Ephemera from the book trade as well as some library labels and bookplates, chiefly British, 18th and 19th centuries. The book trade collection includes 416 printed pieces of ephemera relating to every aspect of the Book Trade — Booksellers advertisements, Bookbinder’s advertisements, Paper makers, Printers, Stationers, Lithographers, Circulating Library labels and advertisements. Also included are some other library labels and bookplates of individuals. Not only has the Princeton University Library recently acquired these originals, it also provides:
Electronic access: Inventory list with thumbnails and links to full size images: PDF, 36 pages [link]
Description: .9 linear ft. (2 boxes)
Descriptive terms:
• Advertisements: printing, publishing, bookselling, stationery trade, bookbinding, commerical libraries. Library labels, rules and regulations. Bookplates.
• Forms and genres of ephemera such as trade labels, binder’s tickets, bookseller’s tickets, booklabels.
> Call number: (Ex) 2014-0002Q

Abraham Ortelius presents a book

KanePtolemy1584.inscription.Copy

Inscribed at foot of titlepage: Pietate & humanitate venerabli D[omi]no, D[omino] Francisco Superantio Abraham Ortelius dono mittebat. [Abraham Ortelius has sent forth this gift to Lord Francesco Soranzo, venerable master in devotion and in cultured learning.]
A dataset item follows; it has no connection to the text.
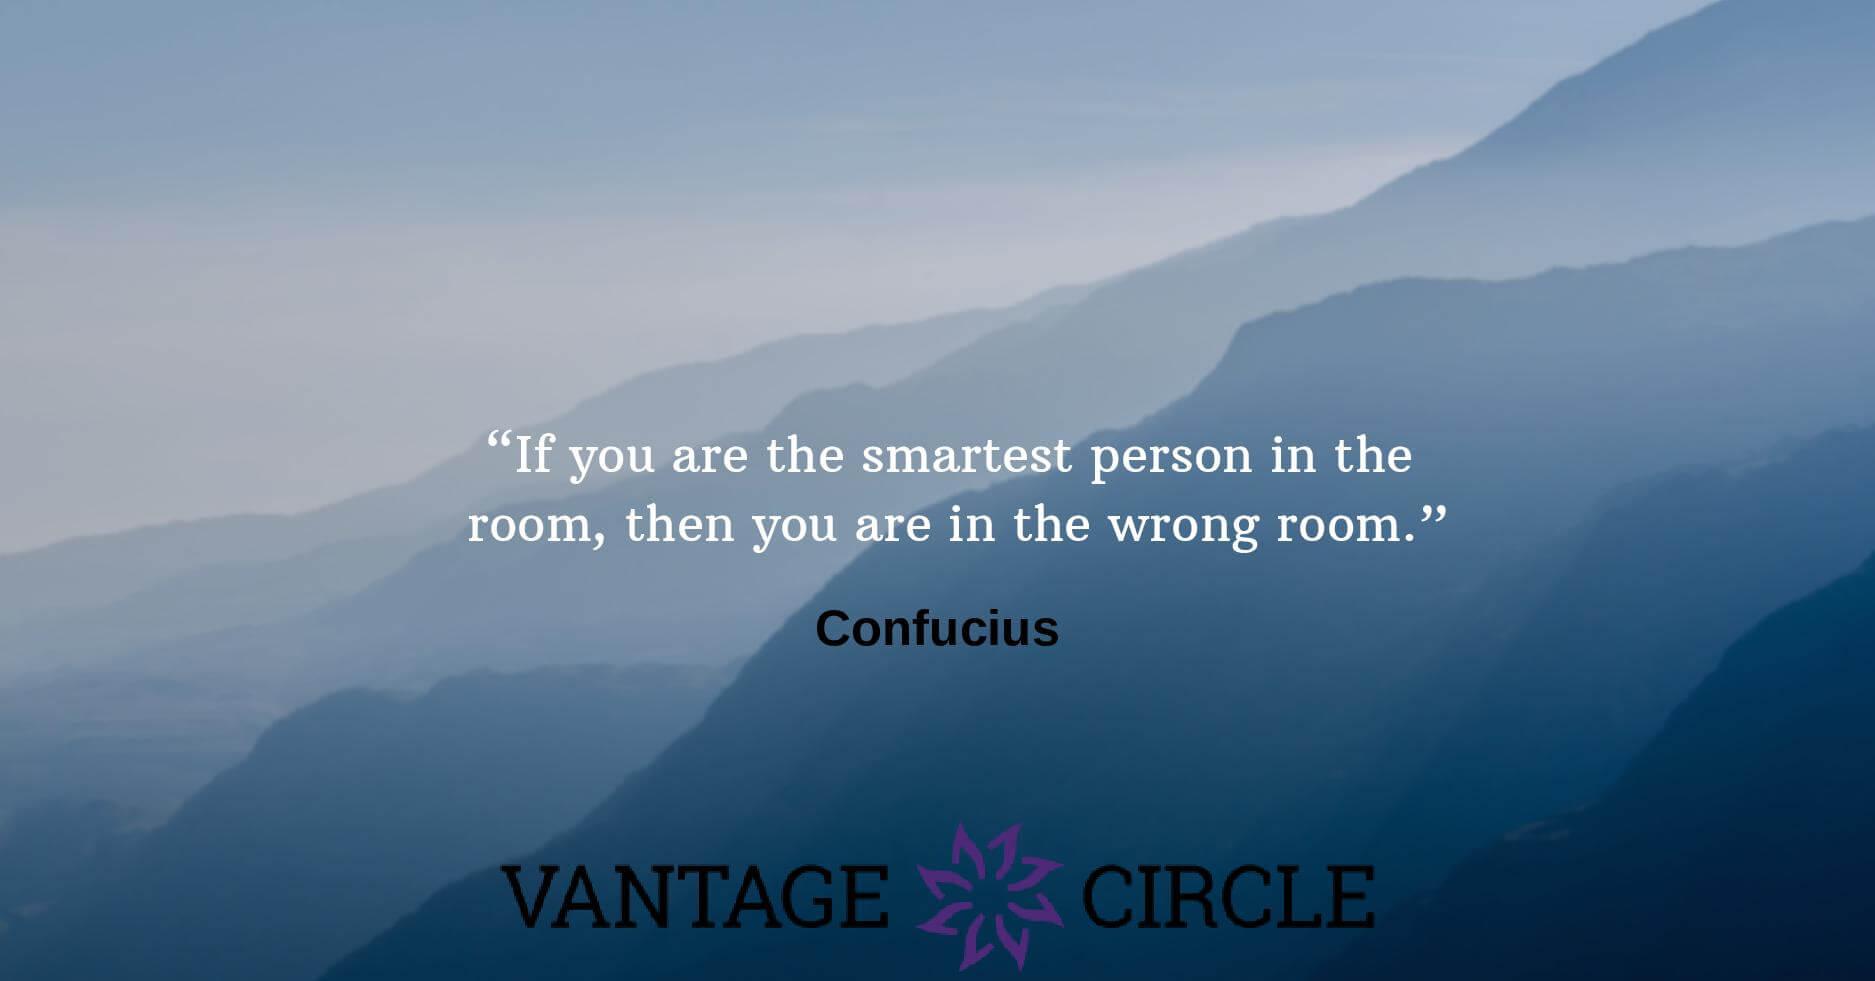 Employee-motivational-quotes-Confucius

❧ Francesco Soranzo (1557-1607) was a Venetian noble who served as ambassador to Spain from 1598 to 1600. • In 1597 in a letter to his nephew, Ortelius described his friend Soranzo: “At Venice, I doubt if I have, among the many friends there, any greater than Francisus Superantius (his venancular name is ‘de la Soranzo’), for I have felt myself to have had his benefits very often.” [Hessels, Epistulae Ortelianae (1887), 303: Venetiis magnum inter ceteros amicum Franciscum Superantium (vulgo de la Soranzo) habeam subdubito, at habuisse me saepius sensi suis beneficiis.] • Not only had Soranzo provided hospitality in Venice to Ortelius, he more notably provided him with books coming from the Venetian publishers. [See Hessels, Epistulae Ortelianae (1887), 85 and 141]. In return Ortelius sent him books. Books marked their friendship and the regularity of exchange was clearly noted. In the same 1597 letter to his nephew, Ortelius remarked further that it had been a while since he had received books from Soranzo and he just didn’t know why – perhaps ‘lost in transit’ he speculated. • This book clearly survived the trip between northern Europe and Italy as well as much between, eventually and arriving in Princeton in the late 1940s as part of the Grenville Kane Collection.
❧ Ptolemy. Geographiae libri octo. Cologne: Gottfried von Kempen, 1584. The first edition of Ptolemy’s Geography with maps by Mercator. Call number: EXKA Ptolemy 1584. Cf. Wilberforce Eames, A List of Editions of Ptolemy’s Geography 1475-1730, (New York, 1886), p. 25-26.
❧ For more on Soranzo see Barozzi, Nicolò, ed. Relazioni degli stati Europei lette al Senato dagli ambasciatori Veneti nel secolo decimosettimo (Venice, 1856) ser.1, v.1, p. 27 ff.